One in 10 men and one in five women reported having at least one mental-health condition; depression and anxiety were the most commonly reported conditions. One in 20 UI students reported that they had seriously considered suicide in the past year.

Most disturbingly, only 67 percent of students said that they would “consider seeking help from a mental-health professional in the future if they had a personal problem that was bothering them.”

Only 13.4 percent reported that they had received health or counseling services from the university. The University Counseling Service, one on-campus organization that offers mental-health care to students, reports that only 6 or 7 percent of students take advantage of their services.

Given the prevalence of mental-health problems here, it’s clear that the university should do more to promote good mental health for its students. Some of the considerable resources that the school allocates to fight student alcohol abuse, for example, could be better used to promote mental health.
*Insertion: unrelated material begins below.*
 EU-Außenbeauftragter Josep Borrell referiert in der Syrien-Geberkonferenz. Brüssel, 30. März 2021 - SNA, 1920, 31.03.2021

According to a November 2011 study from the University of Virginia, the leading cause of death among students at four-year American universities is suicide. The study found that just over six of every 100,000 American college students will commit suicide every year. That’s almost twice as many annual deaths as the next leading cause, alcohol-related traffic accidents, which claim about 3.4 students per 100,000 every year.

Right now at the UI, too many students suffer from mental-health problems, and too few are familiar with the types of treatment made available by the university. The school must promote awareness of conditions such as depression and anxiety that affect a large swath of students and better advertise programs like the University Counseling Service and the Johnson County Crisis Center — among many others — that exist to help students with mental-health conditions.